Cookie and Faye still haven't been adopted. I've checked in on them a few times, and they seem to have settled in pretty well. Our shelter currently has 26 pigs, including some more "adoptable" pigs (Abyssinians, babies, super friendly pigs, etc.), so I have a feeling that they may be at the shelter for a little while longer. This time of year is particularly busy for them, as a lot of people decide to surrender their small animals instead of finding someone to take care of them over the holidays. The pair of PEW boars that came in late September still haven't been adopted.

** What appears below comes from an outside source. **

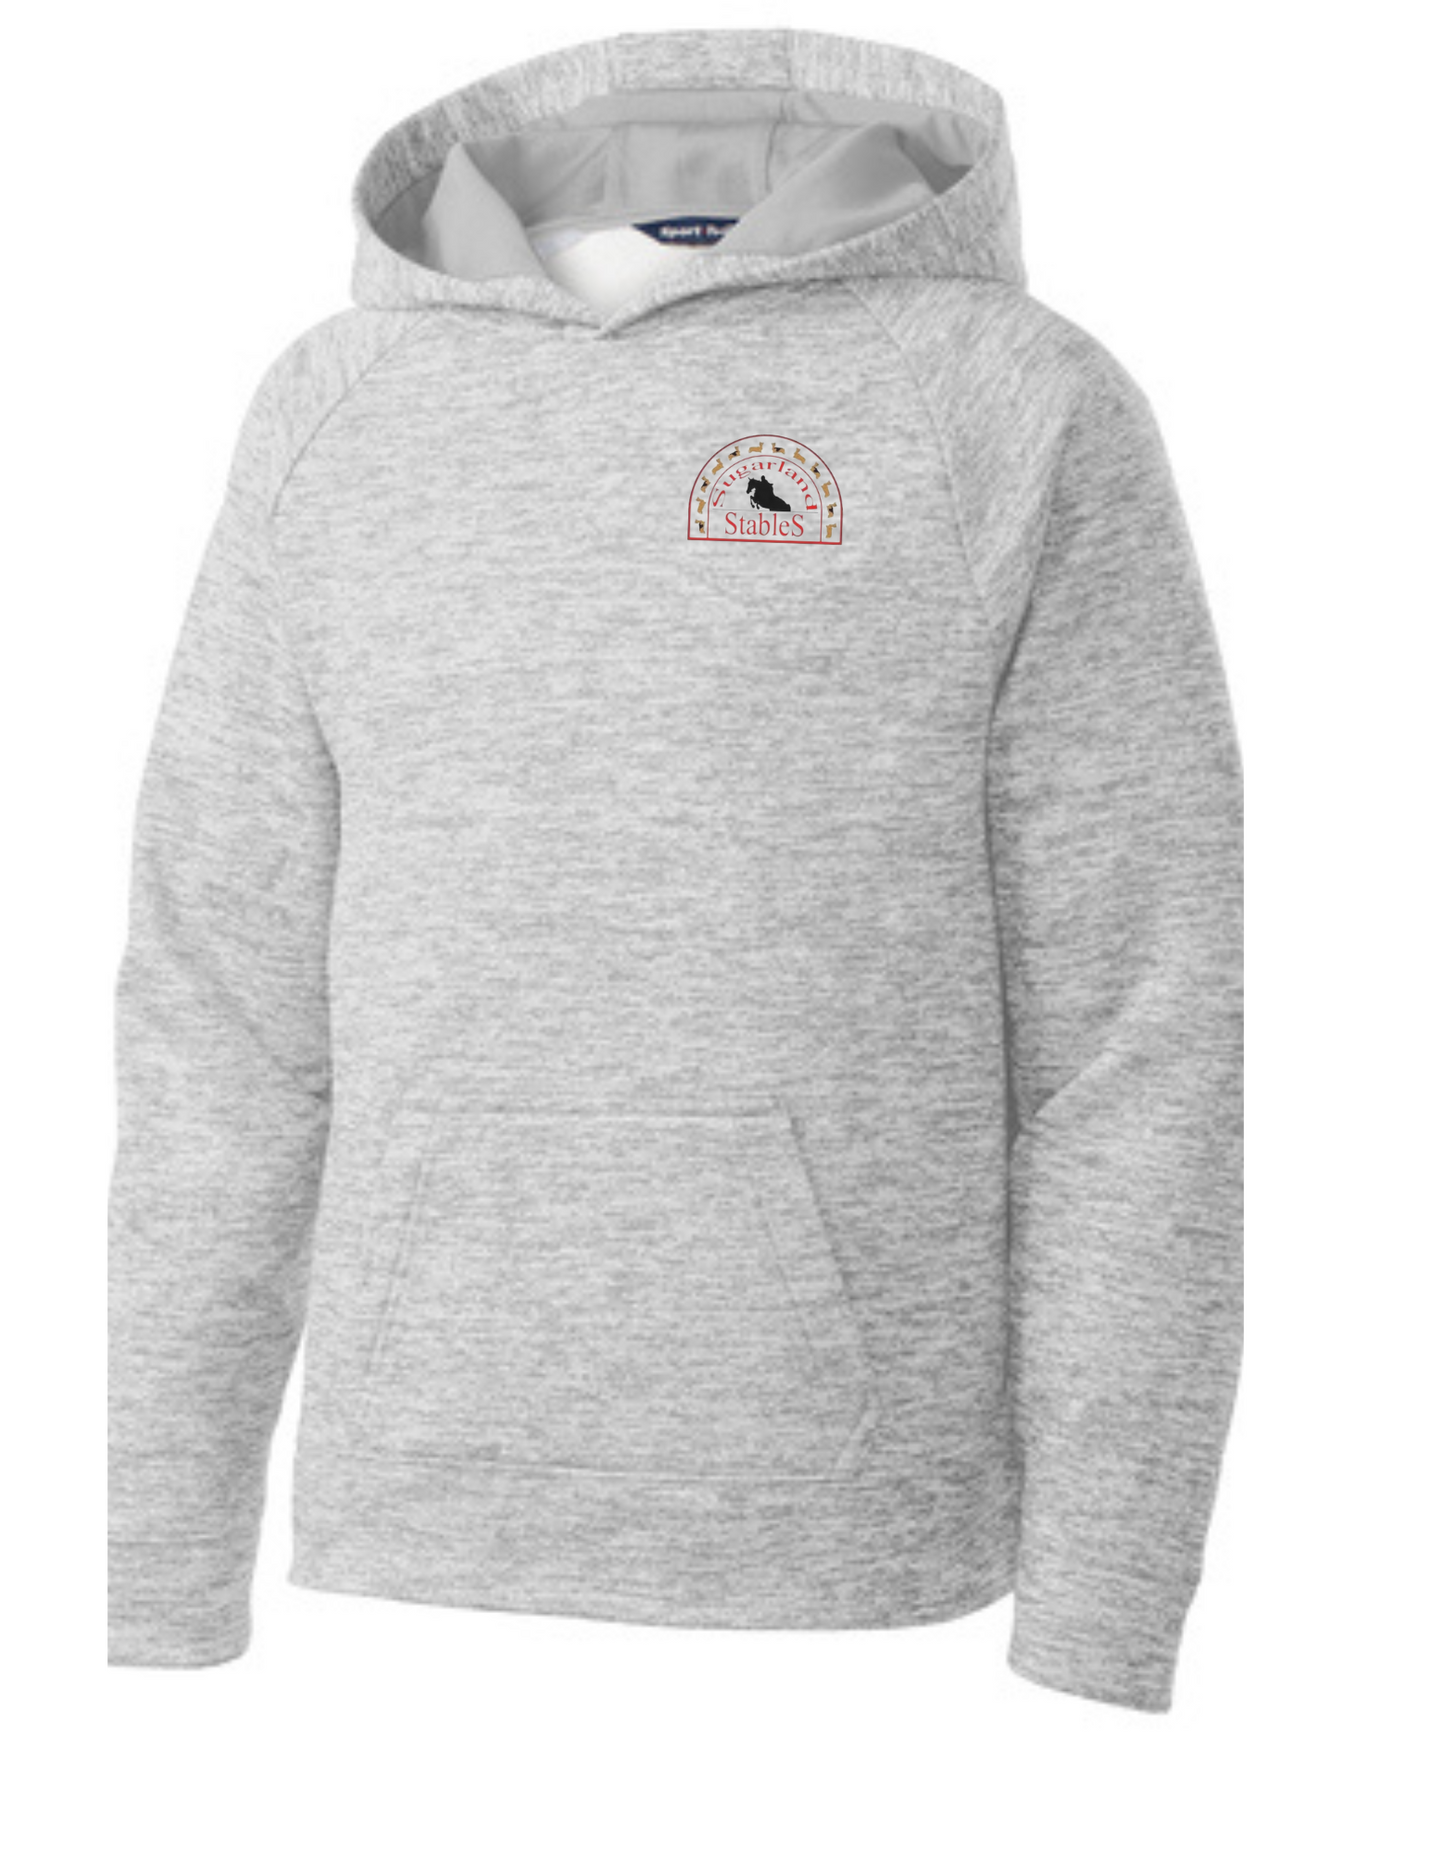 Sugarland Stables - Sport-Tek® Youth PosiCharge® Electric Heather Fleece Hooded Pullover

Cleo and Charity, on the other hand, are doing well. However, they've seemed a little bored lately. Charity gets mental stimulation from the occasional trick training session, but since Cleo hates learning tricks, I've been struggling to figure out how to keep her mind stimulated. She's a particularly lazy pig, but the good thing is that she loves veggies. The girls have an all-natural woven ice cream cone toy that they recently (after it hung on the side of their cage for weeks) decided they wanted to rip up. Part of the toy was two woven vine balls, with openings on one side. I've been cutting their bell peppers up into smaller pieces and stuffing them into the vine balls. The girls have to push the balls with their noses to get the veggies to fall out, and I've definitely noticed that they've seemed much happier.

A few years ago, I heard from a friend about another way to have them work for their veggies. She used a shoelace and tied it tightly to some grids, high enough that the pigs wouldn't be able to reach it. Then, using small binder clips, she hung their pieces of lettuce from the shoelace, so they would have to reach up to eat the lettuce. I haven't tried it myself, but I thought I would mention it to see if anyone else has.